YOUR OBJECTIVE:
The whole listing, except its pictures, is to be repeated exactly.

DATA EXTRACT:
****
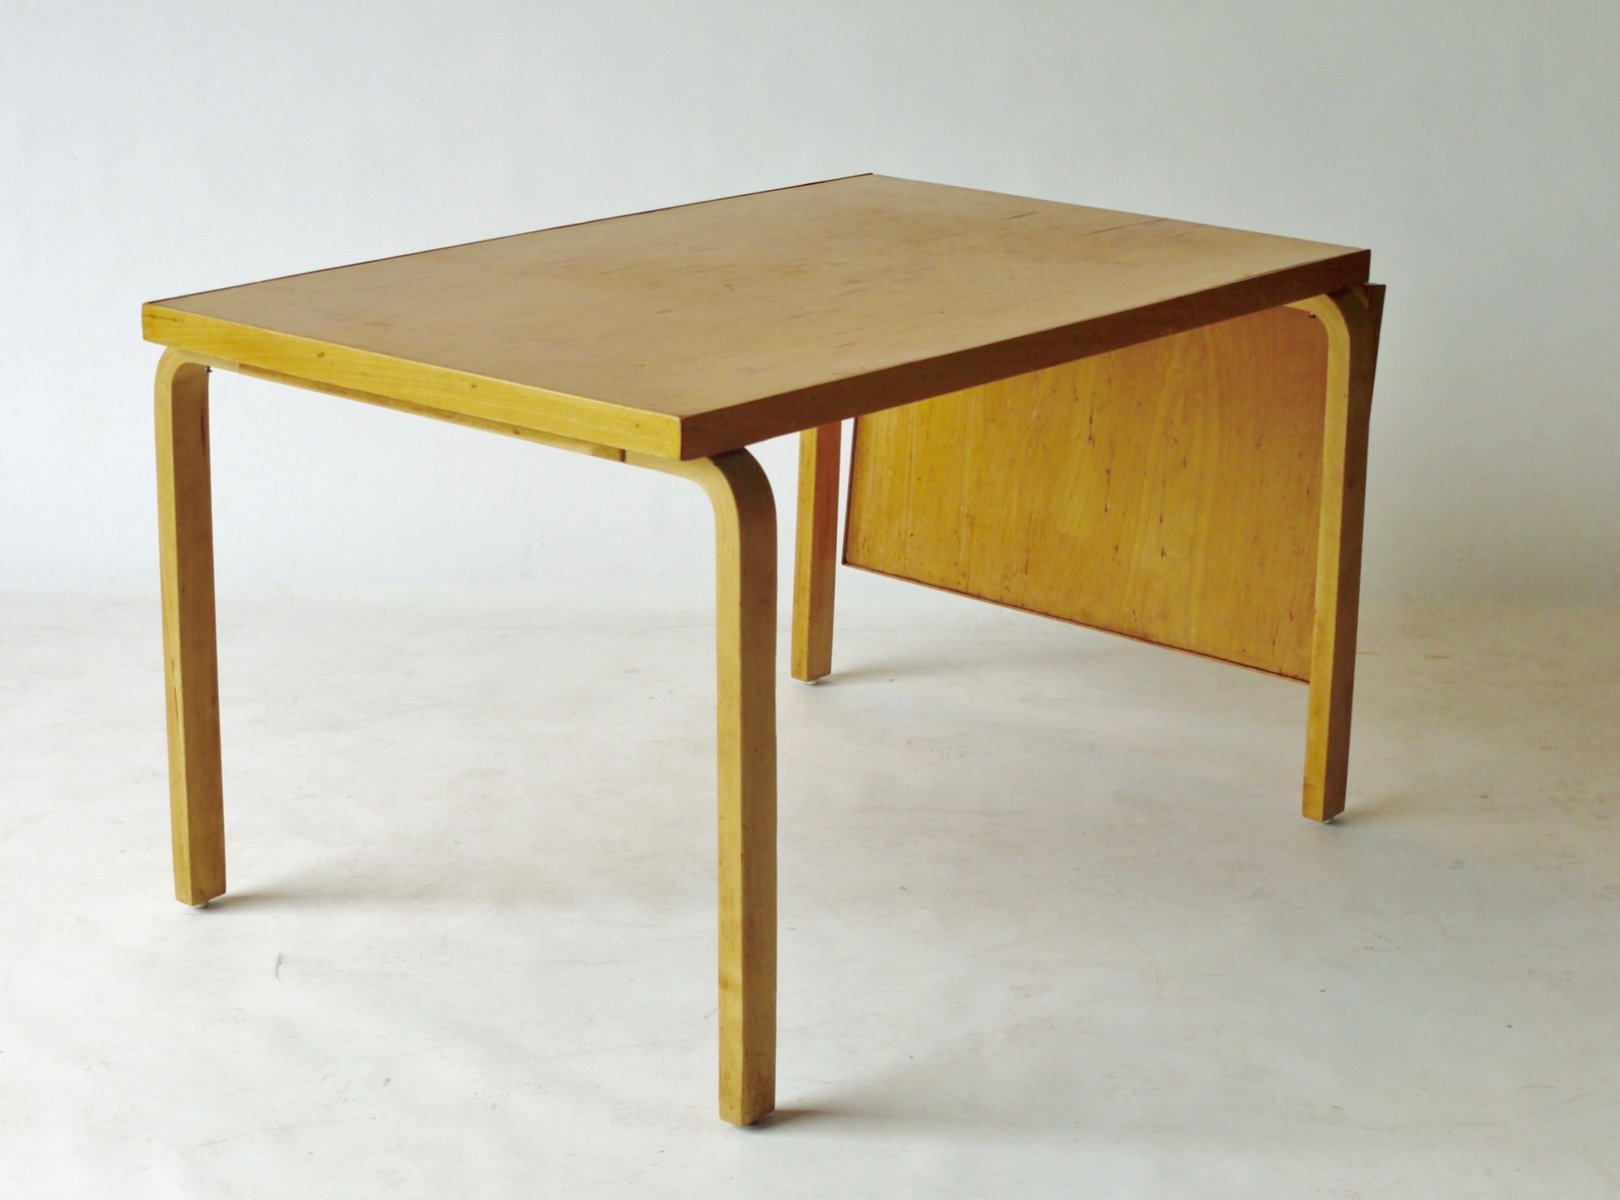 Drop Leaf Extendable Dining Table by Alvar Aalto for Artek, 1940s ...
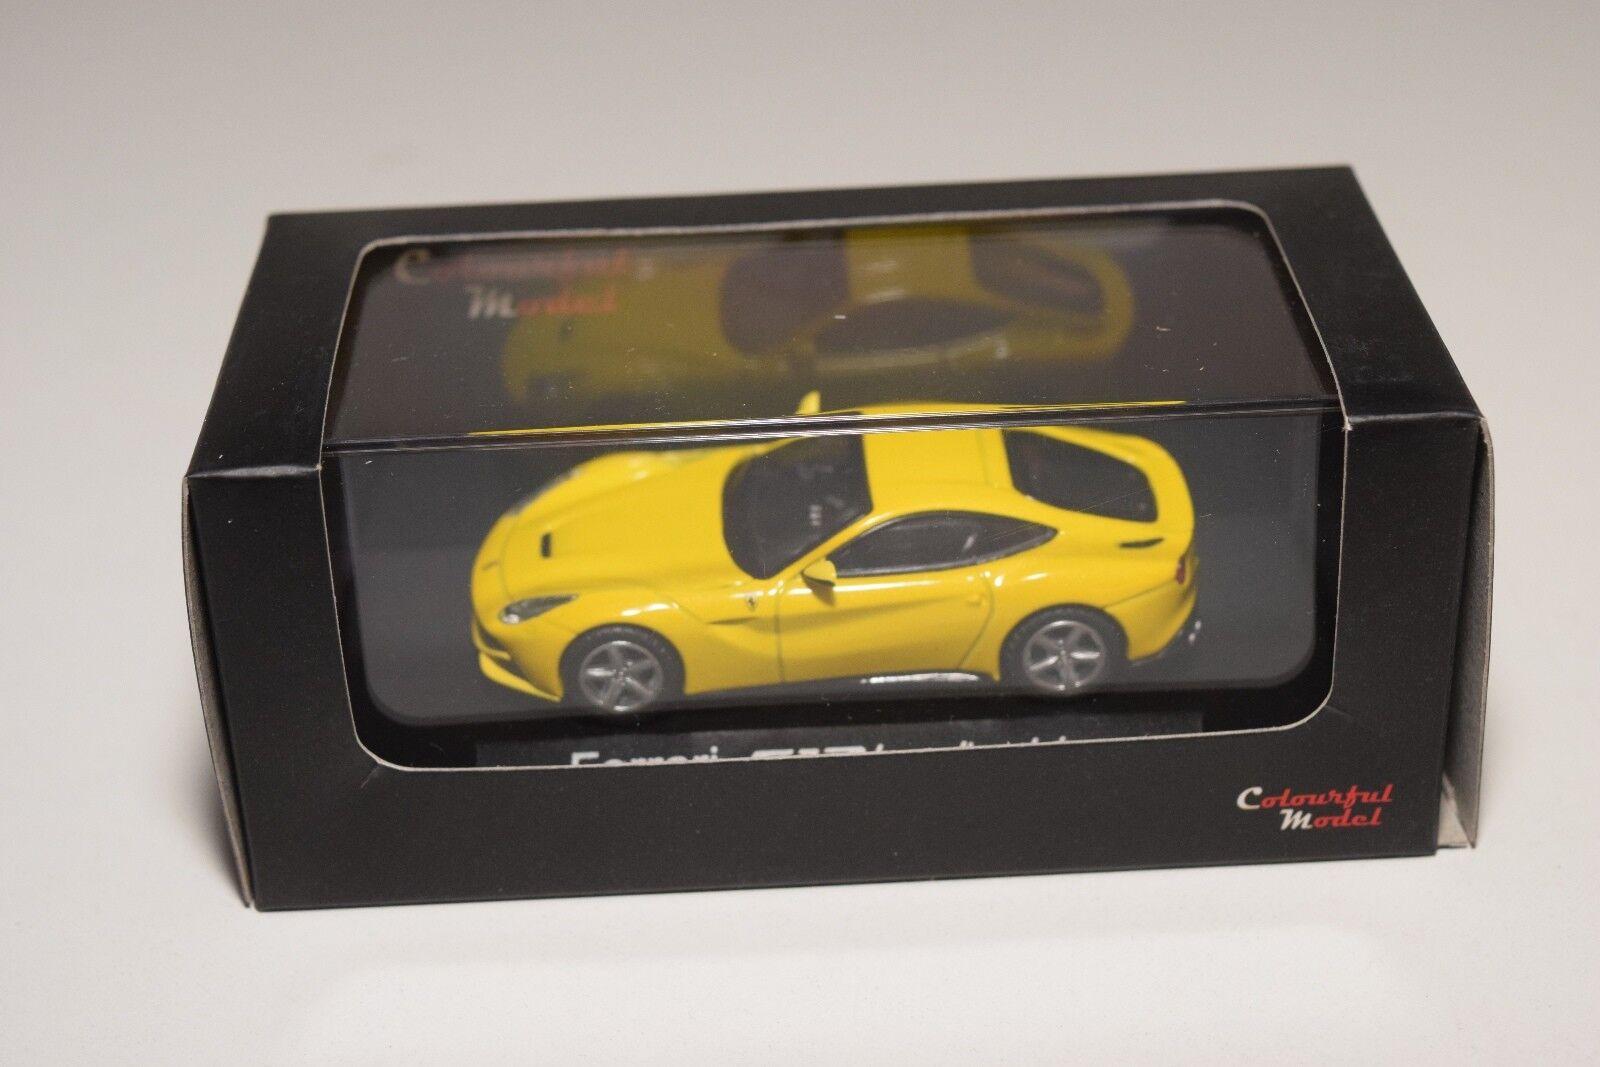 V 1 64 KYOSHO COLOURFUL MODEL CM FERRARI F12 BERLINETTA giallo MINT BOXED
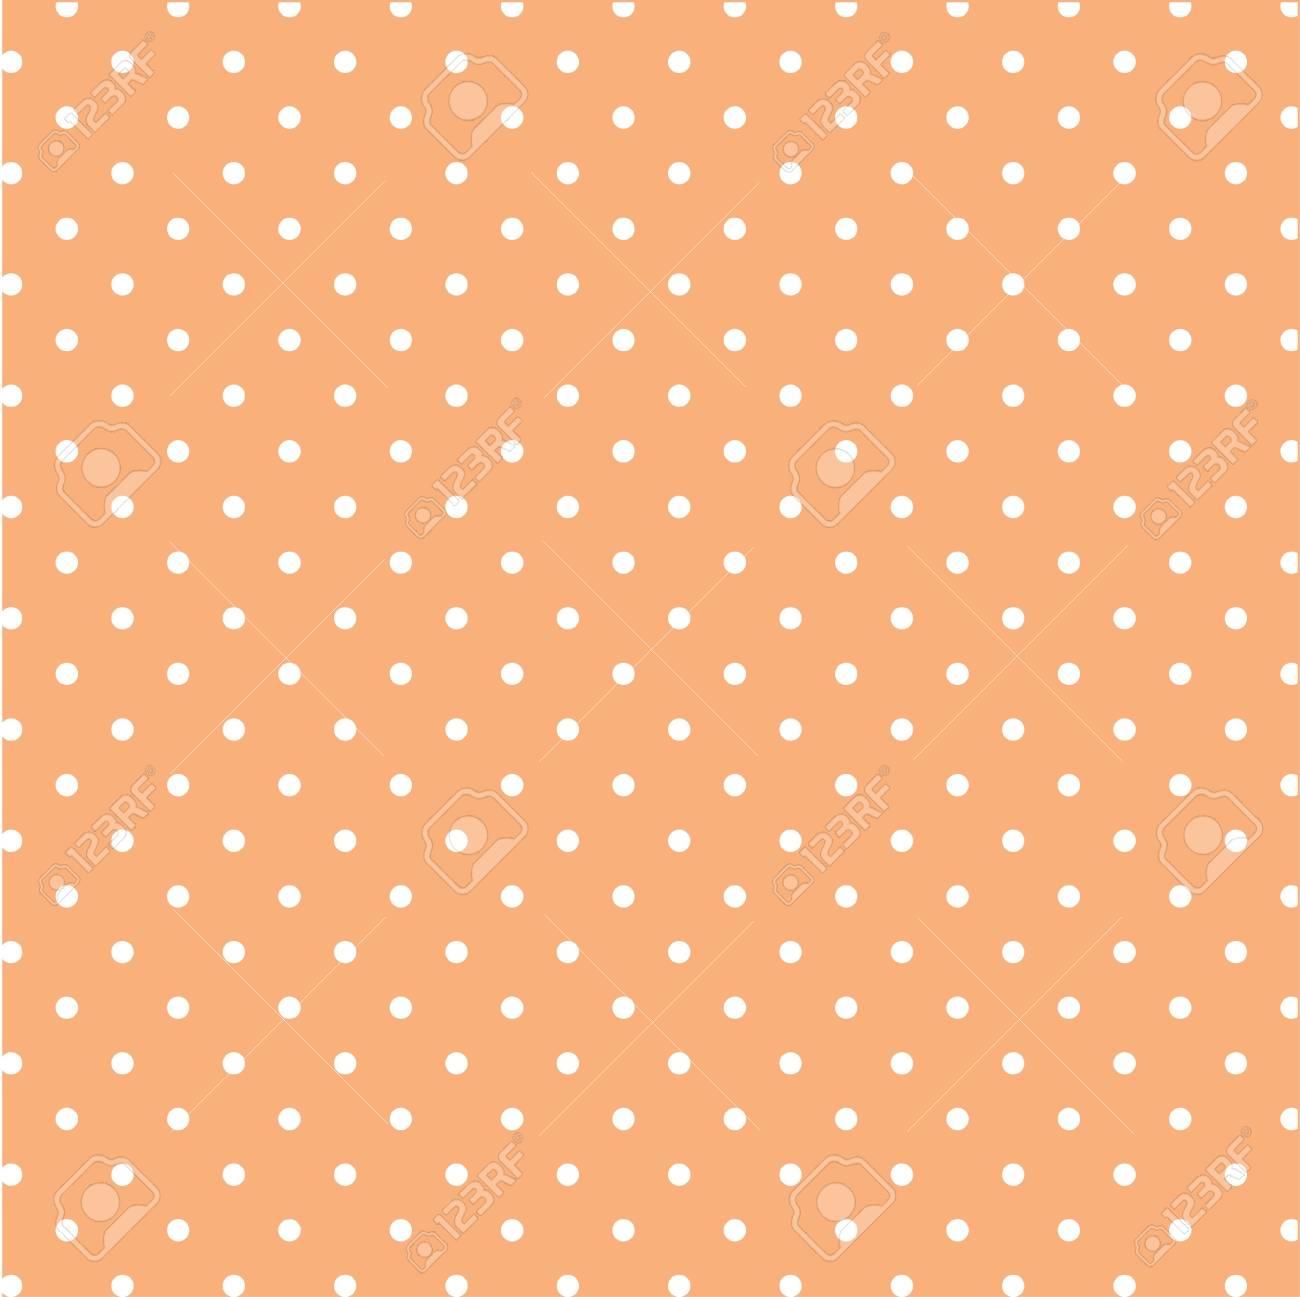 Seamless polka dot background pattern - 114708498
****
RESULT:
 Drop Leaf Extendable Dining Table by Alvar Aalto for Artek, 1940s ...
 V 1 64 KYOSHO COLOURFUL MODEL CM FERRARI F12 BERLINETTA giallo MINT BOXED
 Seamless polka dot background pattern - 114708498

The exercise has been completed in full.